Clawing to escape the belly of the beast here in Hollywood. To commiserate, email my name assistantatlas at yahoo.

Thursday, January 26, 2006

Liveblogging Dancing With the Stars

I can't believe I'm doing this, but I am. I've finally succumbed to ABC's latest reality 'hit'. It's a lot like American Idol, except it appears to have a ramped-up consciousness of its inherent cheesiness. Or maybe that's just me.

Mostly, though, Famke and I are bored, but don't feel like going out. Therefore, you get a liveblog.
Here's what you need to know about "Dancing With the Stars". You pretty much get what you're advertised. C-List "stars" dancing it up.

Three judges: Hot Asian Woman, Old British Guy, Middle-Aged European Guy
Overall, they are way, way smarter and more accurate than the American Idol Idiot Panel.

George Hamilton: Campy as hell as reveling in it. Still, he's a little sad with how much he seems to want to hang on to his career. And by that I mean, his ability to score.
The judges find it campy, but appreciated George's showmanship. Me, too. And now, Tia Carrerre visits dancing children. And they are awesome. And a little of their awesomeness rubs off on Tia. And now she'll do a foxtrot.

Tia Carrerre: That was a flawlessly foxy foxtrot. And she looks good. And it made Famke move her pelvis around and rub my leg a lot. So I'm pretty happy with the show at this point. And Tia just totally sold that 'motherhood' line.

Master P: Described as a 'rap master'. Which is accurate, I guess. That Mormon family moment was inspirational. "You kinda give him an A effort, right?" says Famke. More like a B-. I have no idea who this judge is, and I can't identify his accent, but his inspired rants seem French-Italian. And the judges eviscerate them. Oh, his name's Bruno, the Eurojudge. Master P's scores: 4, 2, 2. Ouch. What really hurt, though, was Master P selling himself and his album or whatever. Master P, I would've voted for you if you'd remained cool. Well, not really. Notice that the editors mostly eviscerate him this week.

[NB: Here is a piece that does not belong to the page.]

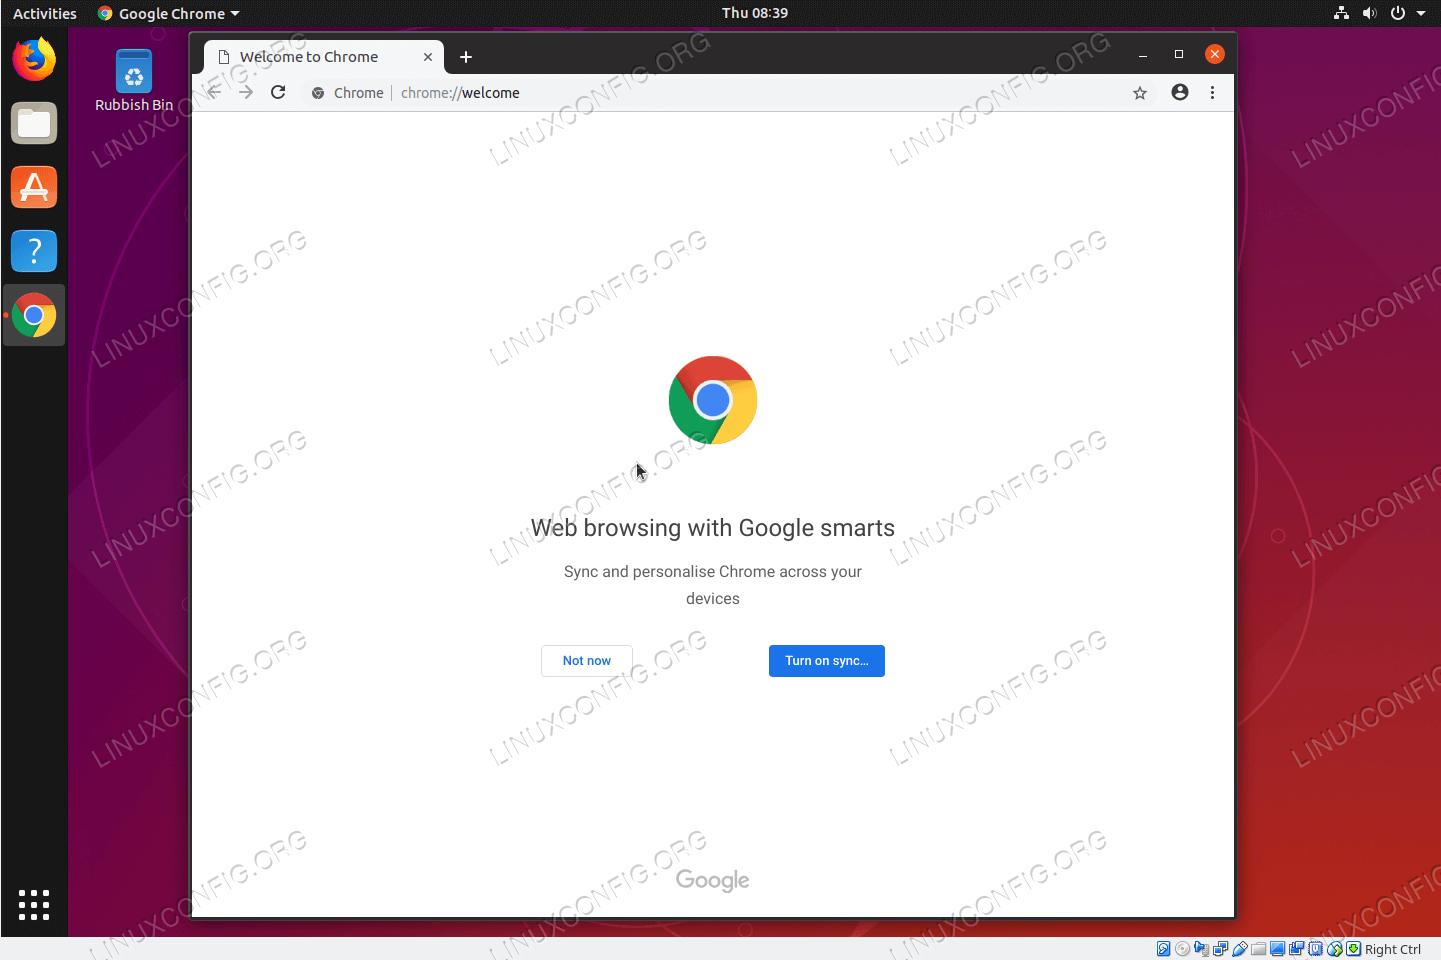 Google Chrome Browser on Ubuntu 18.10 Cosmic Cuttlefish Linux

Now, it's to a blond chick. This blond chick is 'pushing herself to the limit'. If she's a 'mess' physically, then I'm a friggin' wreck. Her name is Stacy Keebler. I still have no idea who this woman is, but I do like the Norah Jones song.

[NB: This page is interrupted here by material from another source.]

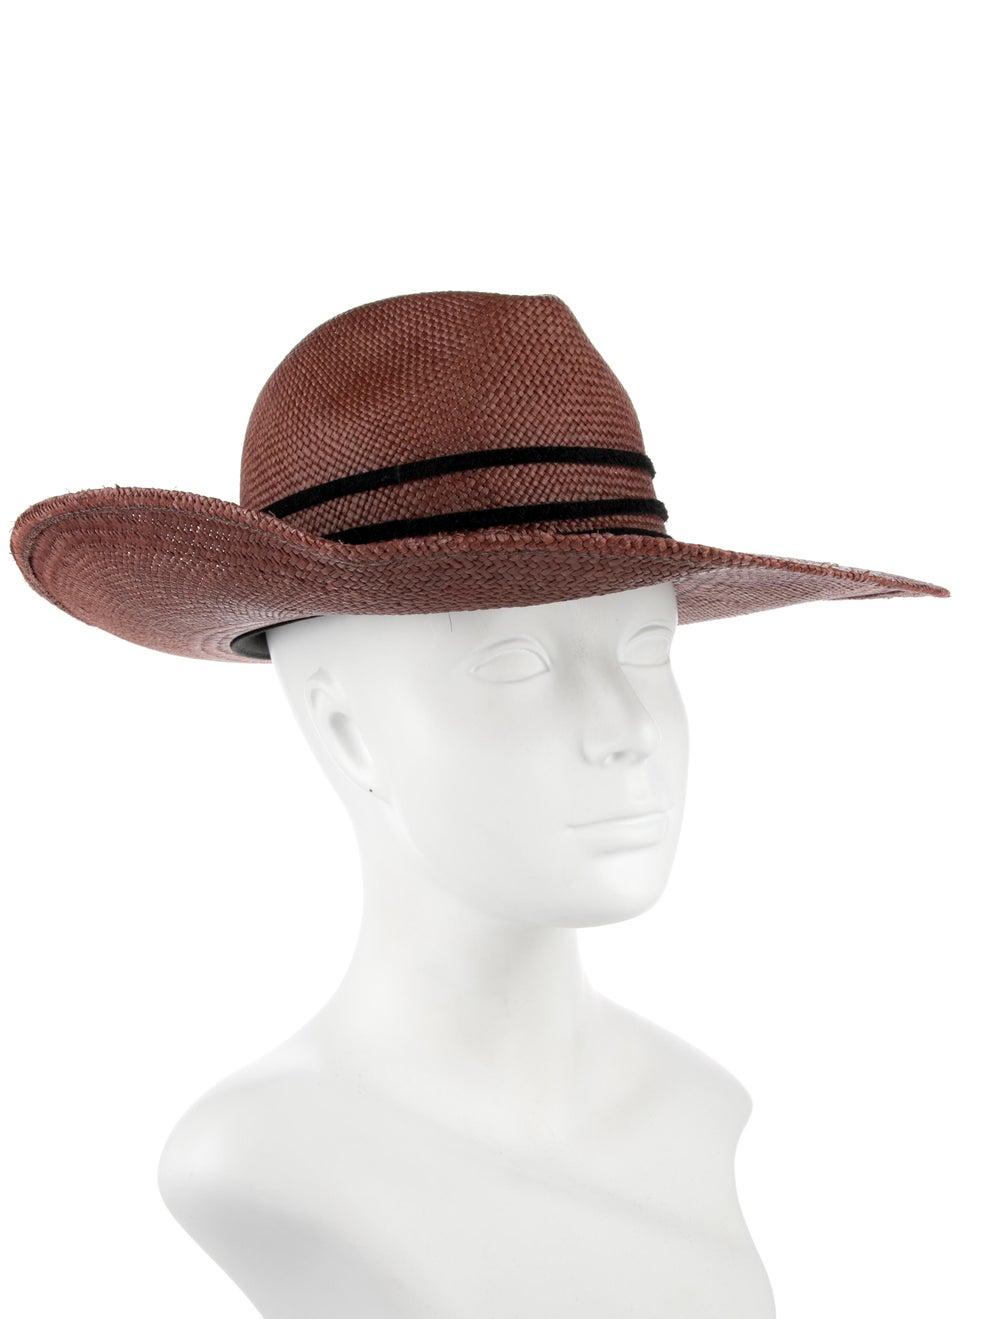 Janessa Leone Straw Fedora Hat red - image 3

Wow- that was dang good dancin'. She's like old Sienna Miller. And Euroguy says she's got the best legs ever. She's a natural, says Brit guy. I agree. Now she's gotten the highest scores.

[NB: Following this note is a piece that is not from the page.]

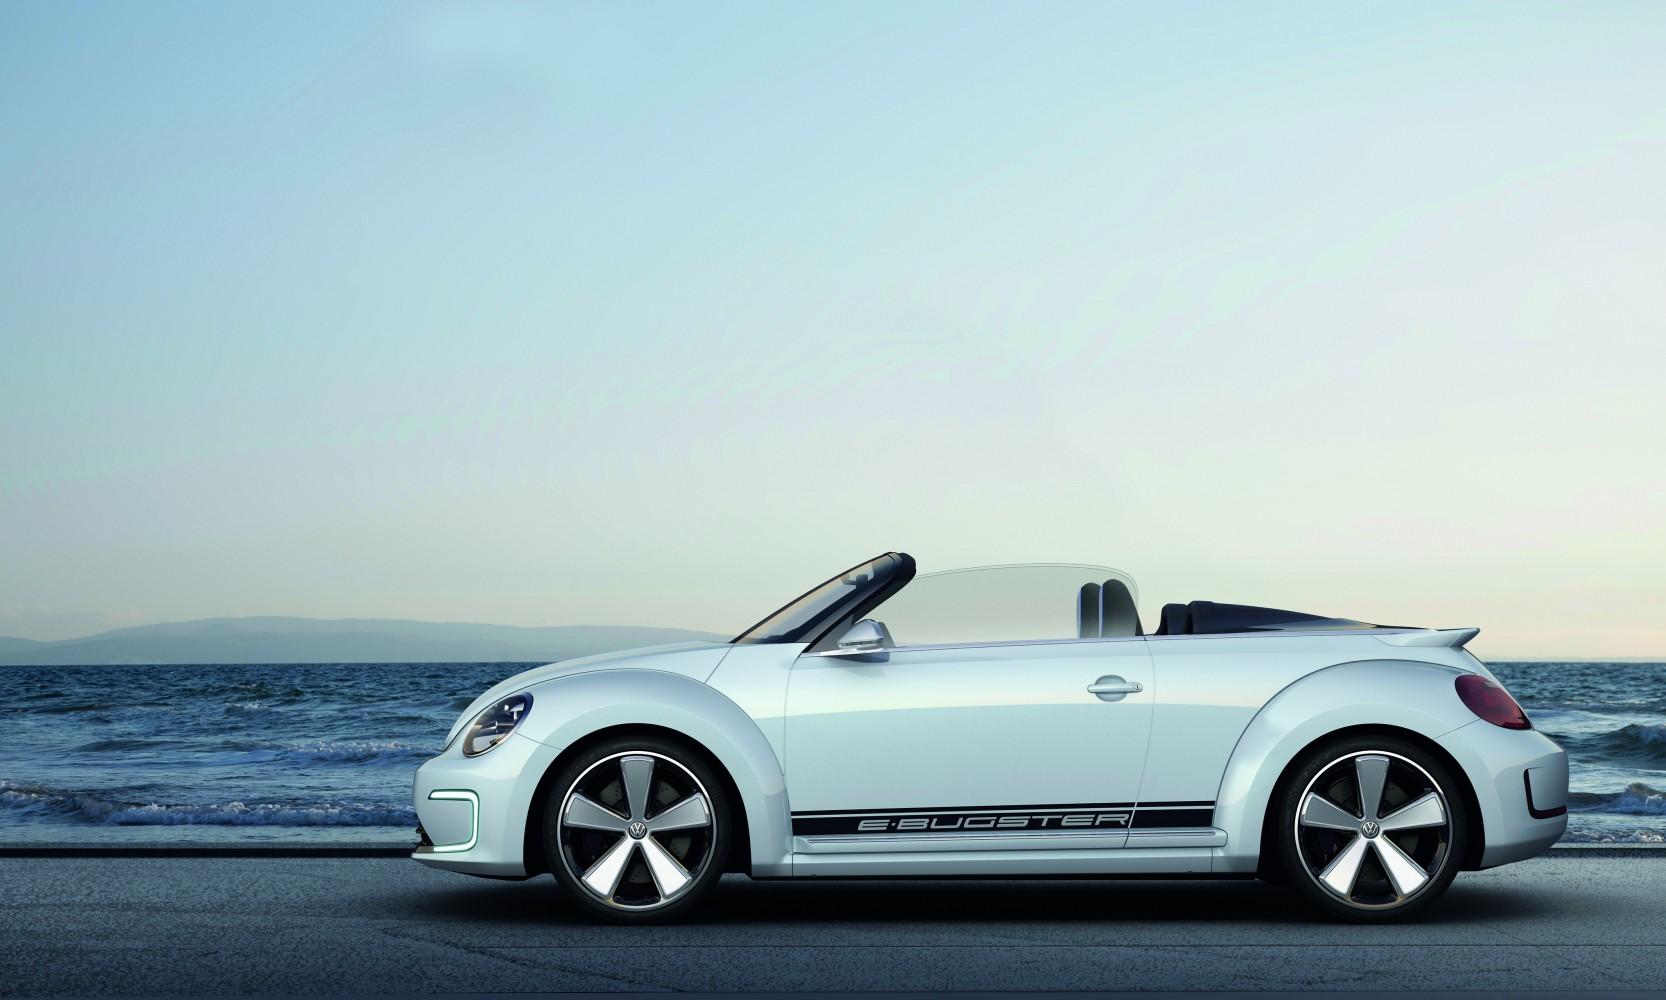 VW Beetle oben ohne – E-Bugster Peking 2012

When I ask who she is, Famke says she's from the WWE. How she knows that, I don't know.

A Paso Doble to Thriller from Drew Lachey? Oh my. Holy crap that's cool. YES! They added the Thriller zombie move! That was awesome. They're pretty much flawless. And the ceiling shot at the end was a great touch. Good job on that, Nick Lachey's little brother. In a few minutes, you've managed to completely eclipse anything your brother has done, talent-wise.

What do the judges think? This is the Best Paso Doble ever by a celebrity according to EuroGuy. I must agree. They score appropriately, giving Drew and Dancer the highest score.

Jerry Rice needs to take ballet classes. Jerry Rice says 'oh my God' and I must agree about that dance guy's package. Jesus. Russian Girl Dance Partner affirms Jer's masculinity. Jerry's learnt the fire's still there.

Anna Trebunskaya is Russian Tara Reid. They've got a good song though and Jerry's a bit stuff but doing okay. And he jumps well. The through-the-legs thing at the end worked for me, too.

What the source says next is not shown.